Task to carry out:
For this exercise, print the listing below exactly, without its pictures.

Input data:
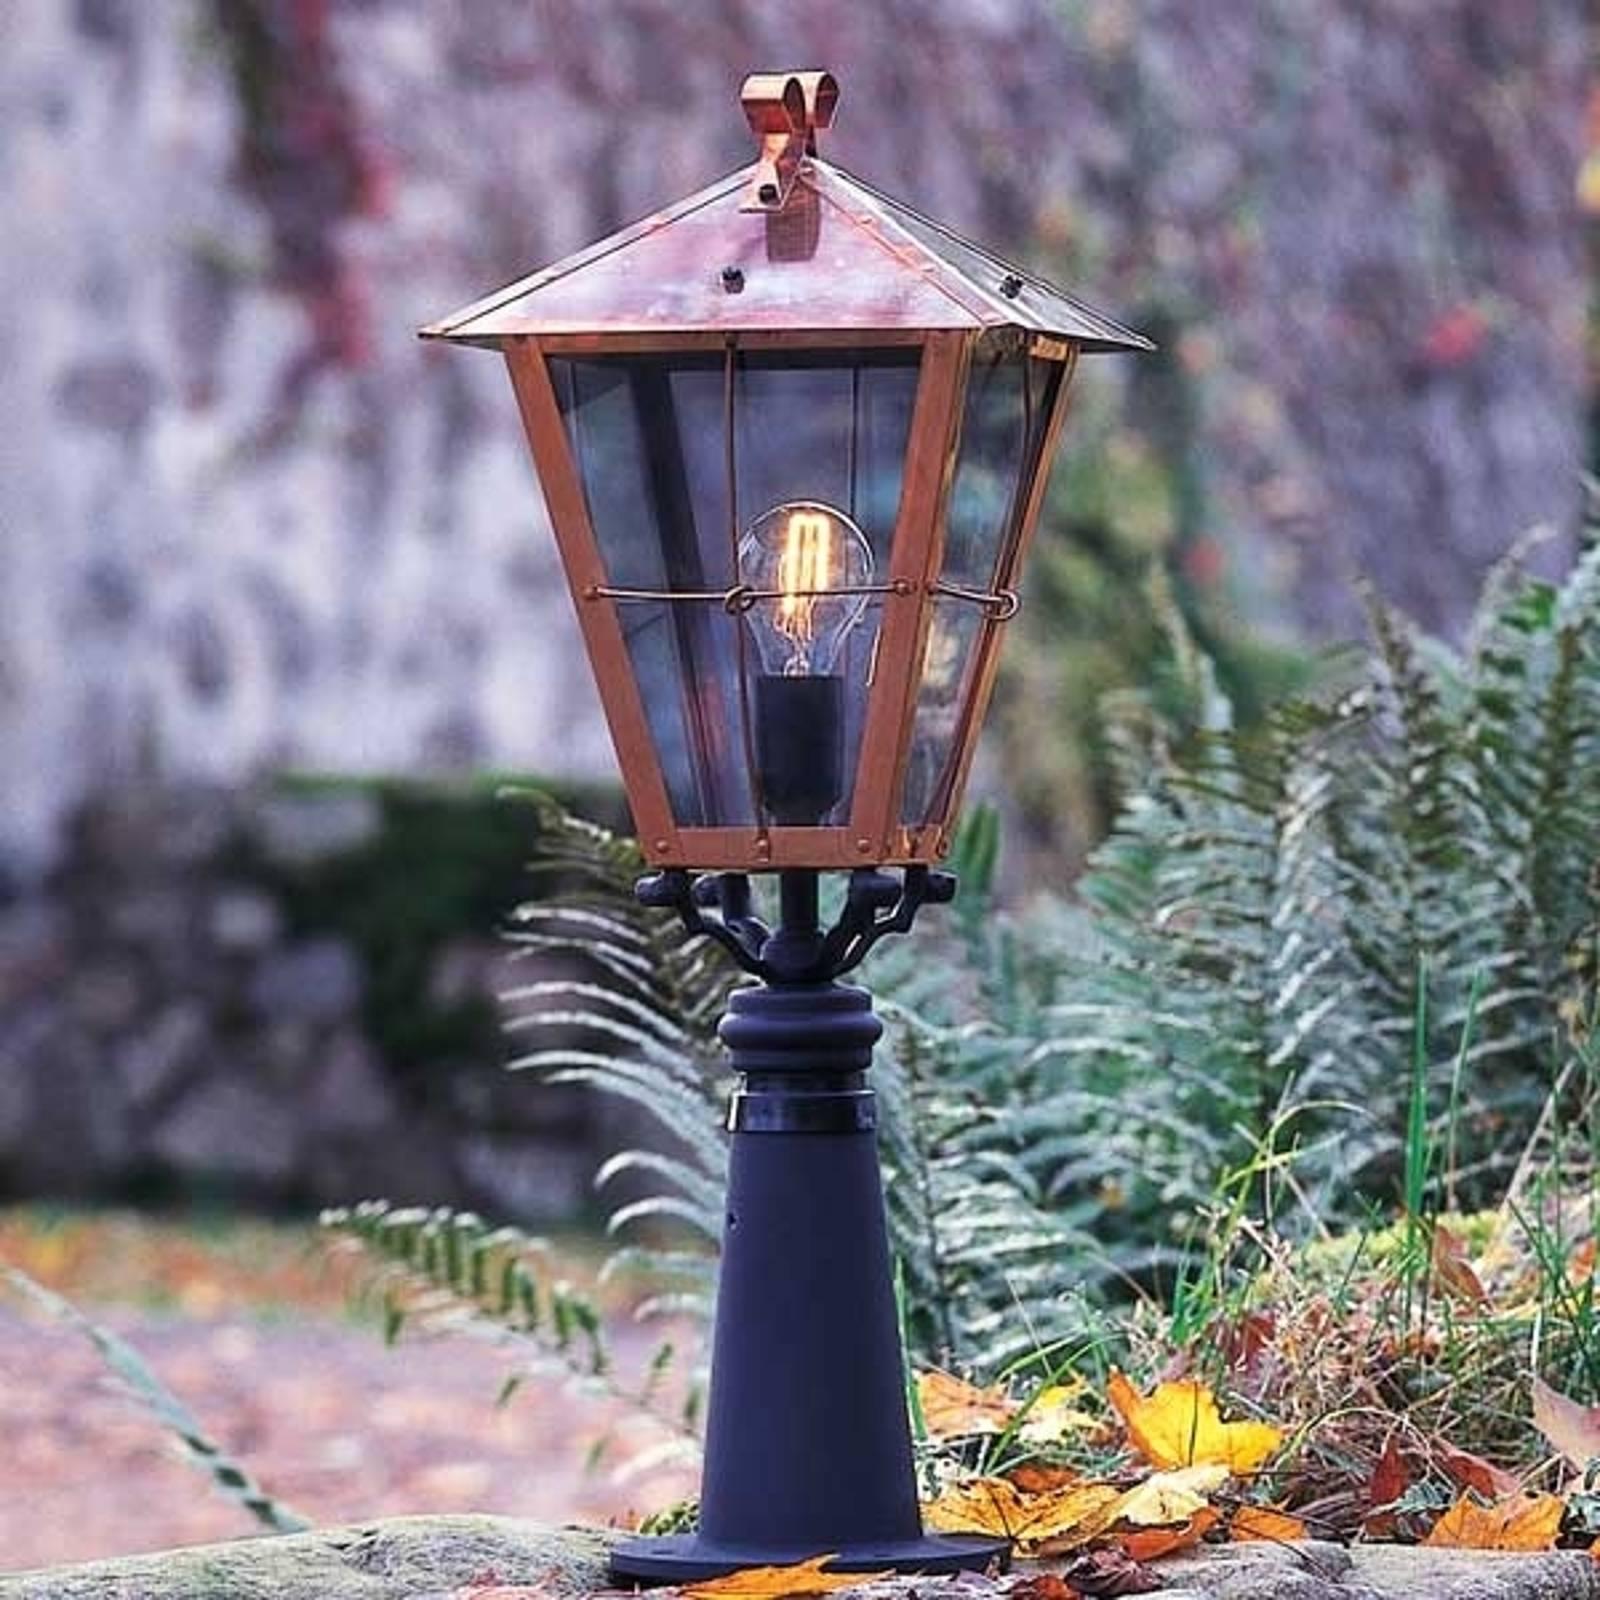 Fenix tuinpadverlichting in koper, 66,5 cm
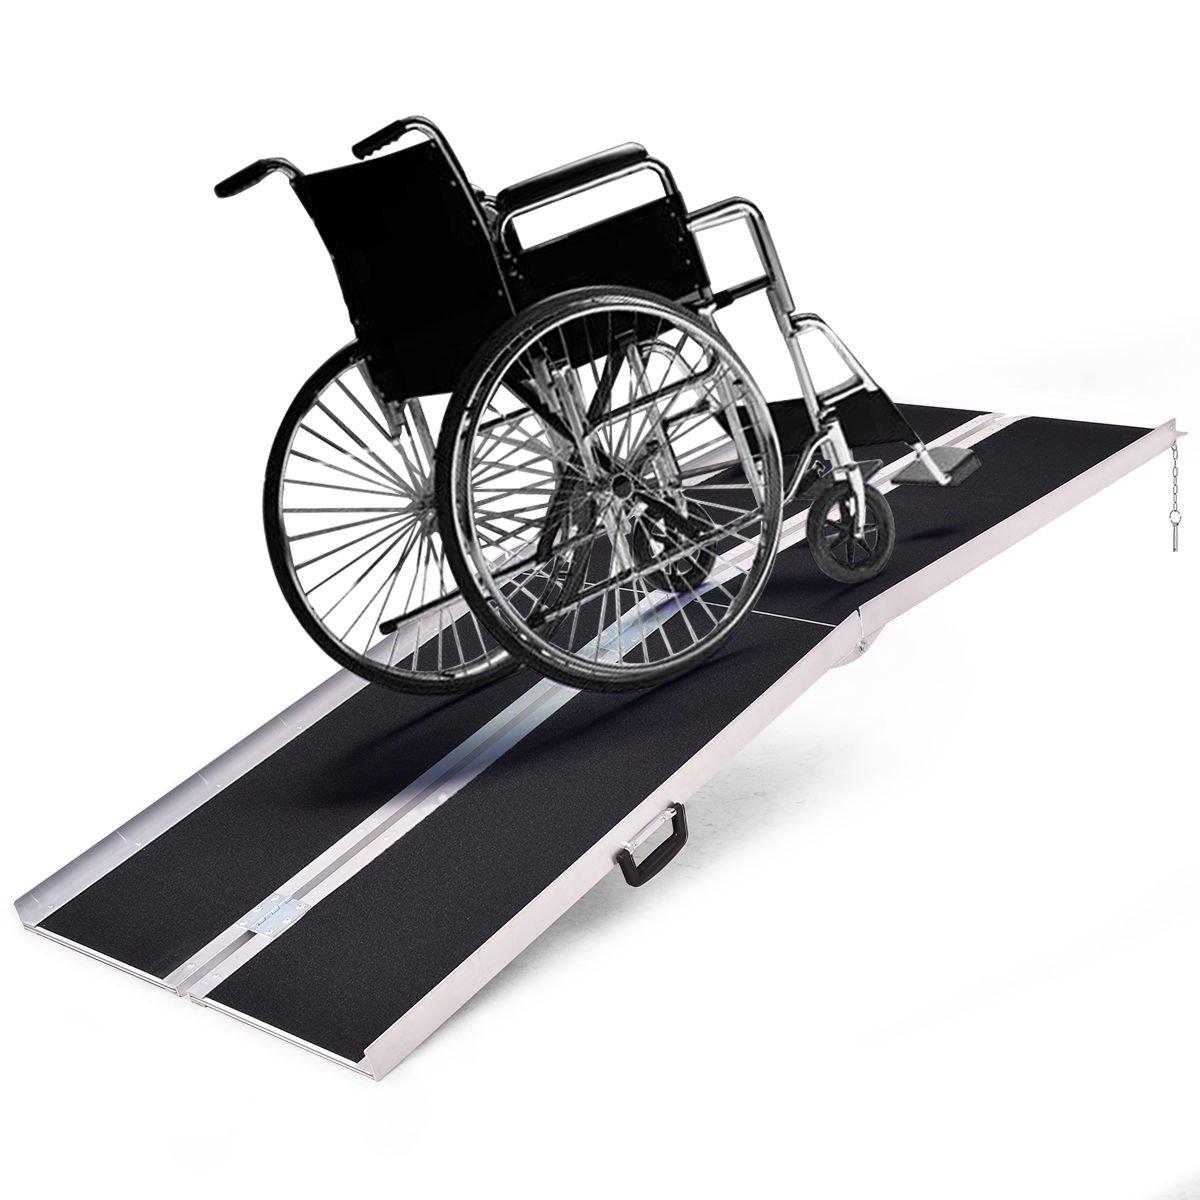 Amazon.com: Goplus® - Rampa portátil para silla de ruedas ...
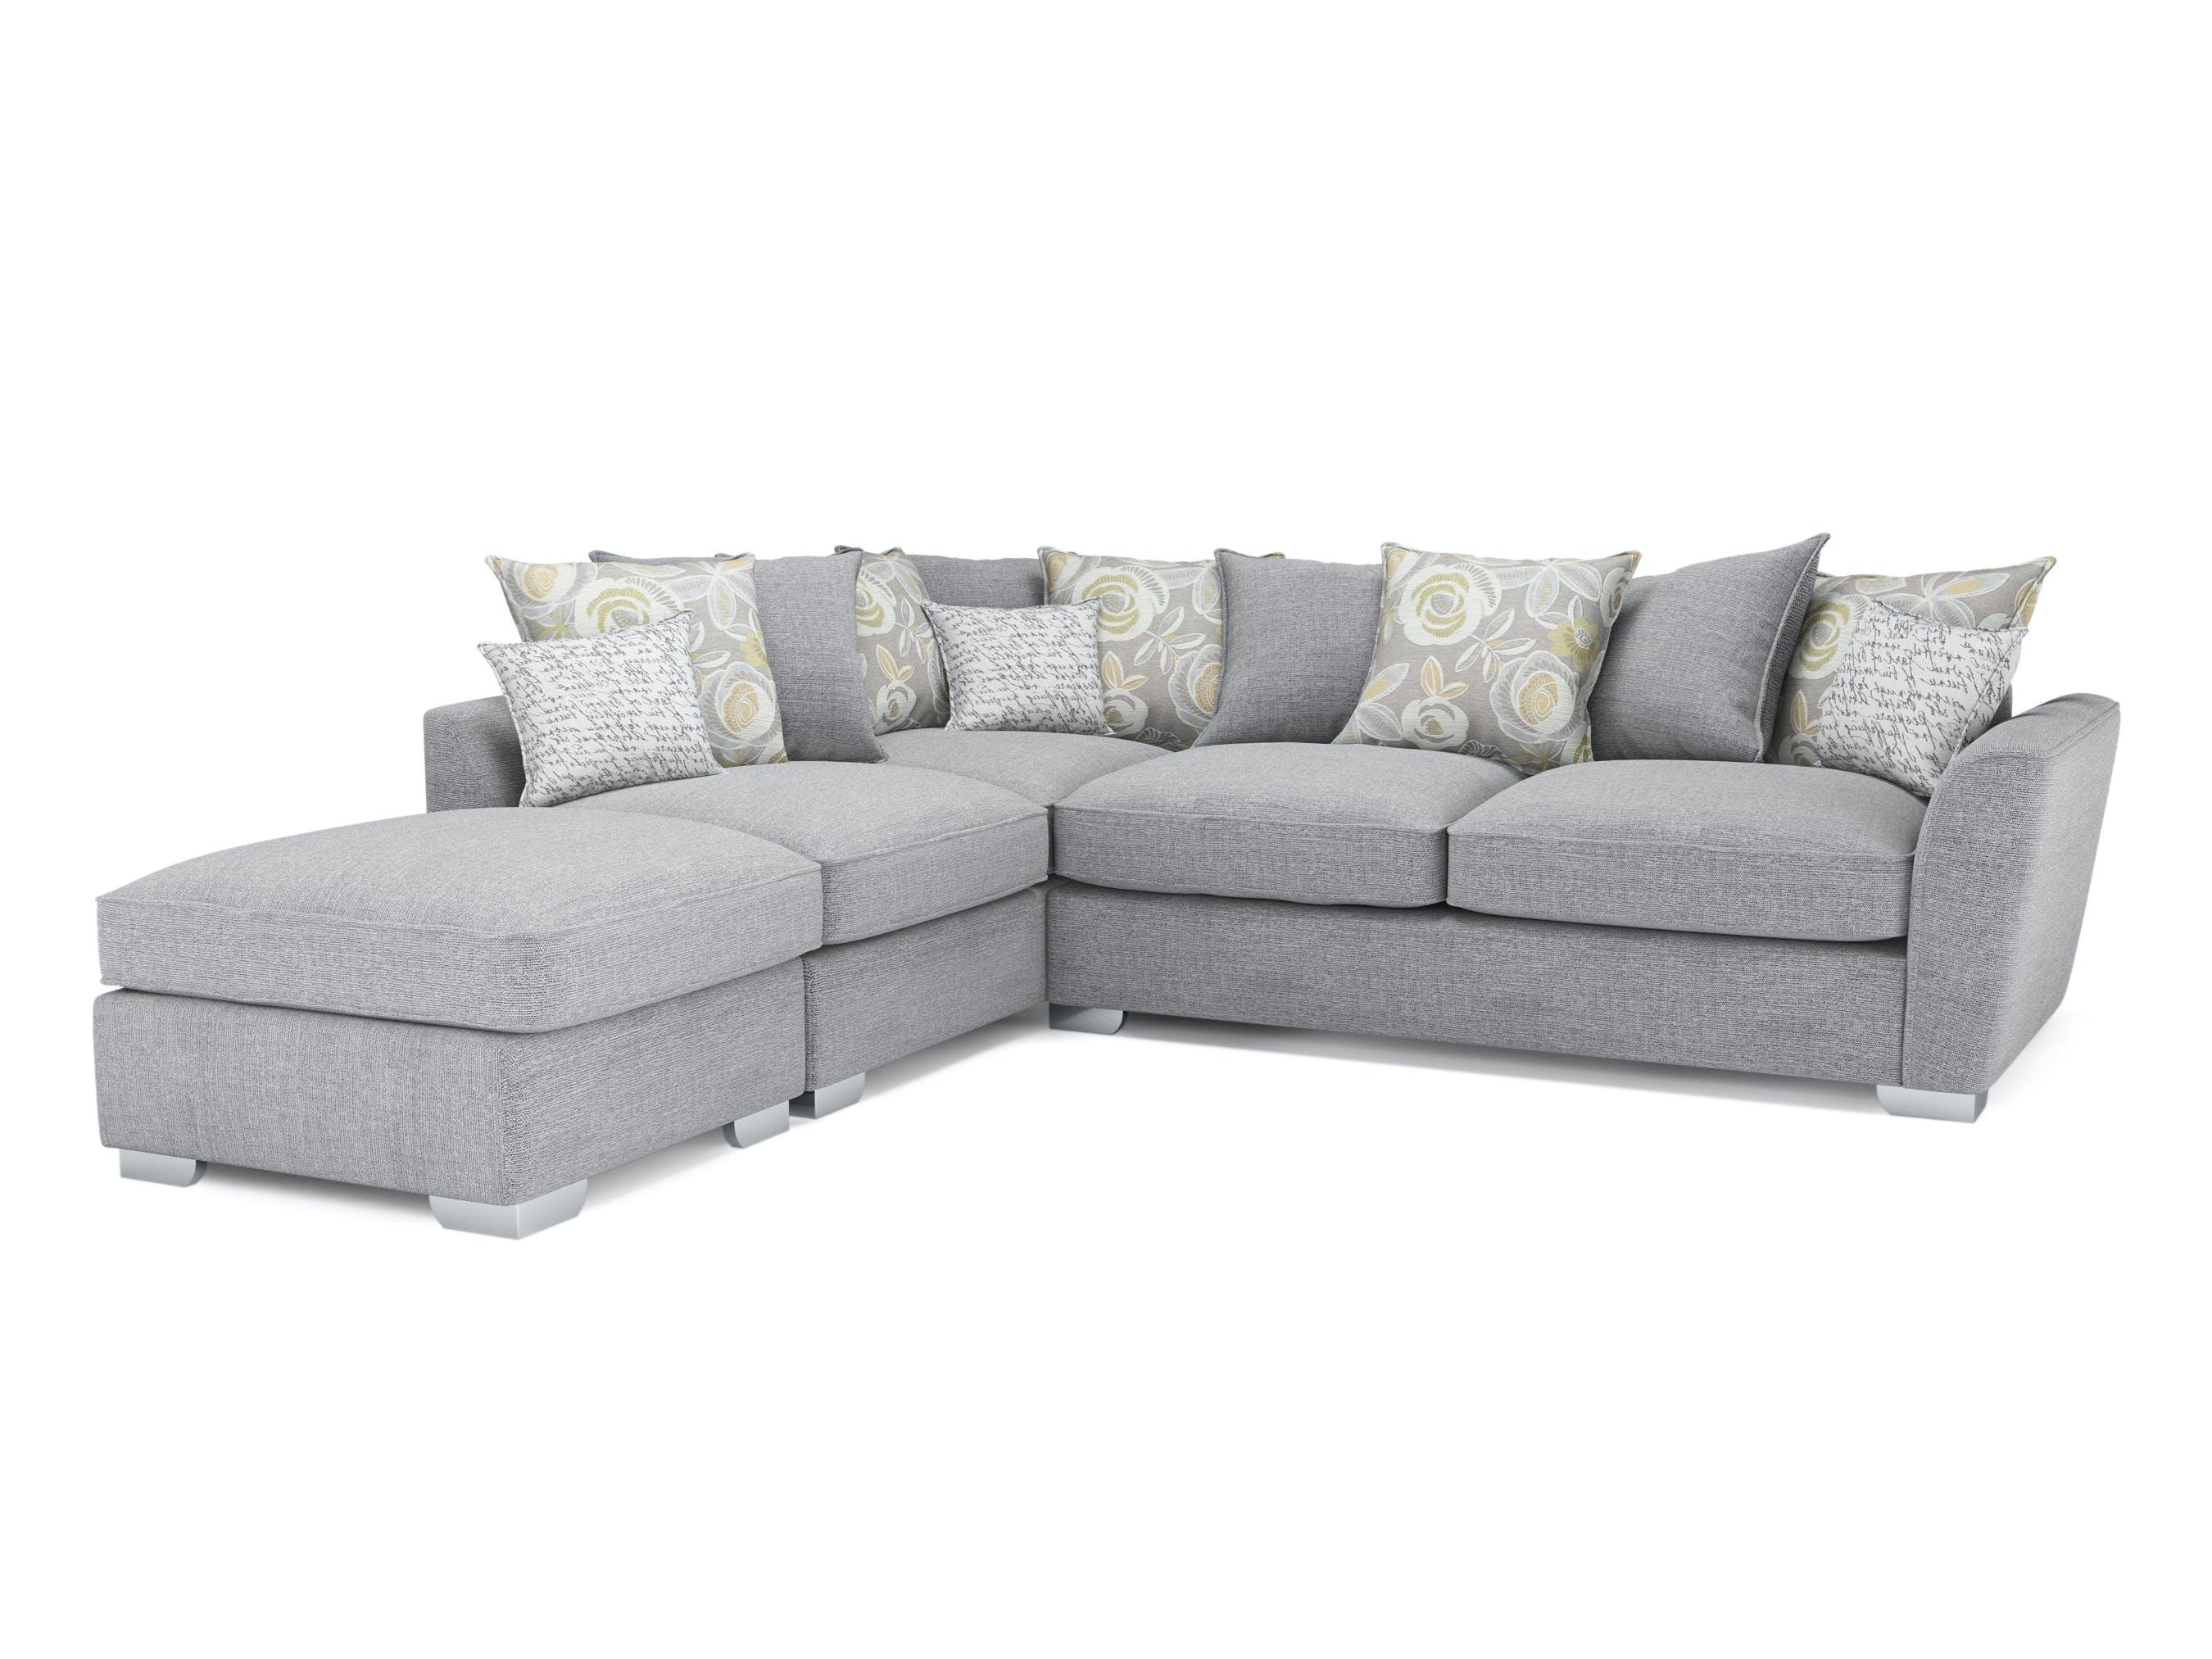 Fantasia corner sofa with footstool ireland fantasia corner sofa with footstool parisarafo Image collections

Finished task:
 Fenix tuinpadverlichting in koper, 66,5 cm
 Amazon.com: Goplus® - Rampa portátil para silla de ruedas ...
 Fantasia corner sofa with footstool ireland fantasia corner sofa with footstool parisarafo Image collections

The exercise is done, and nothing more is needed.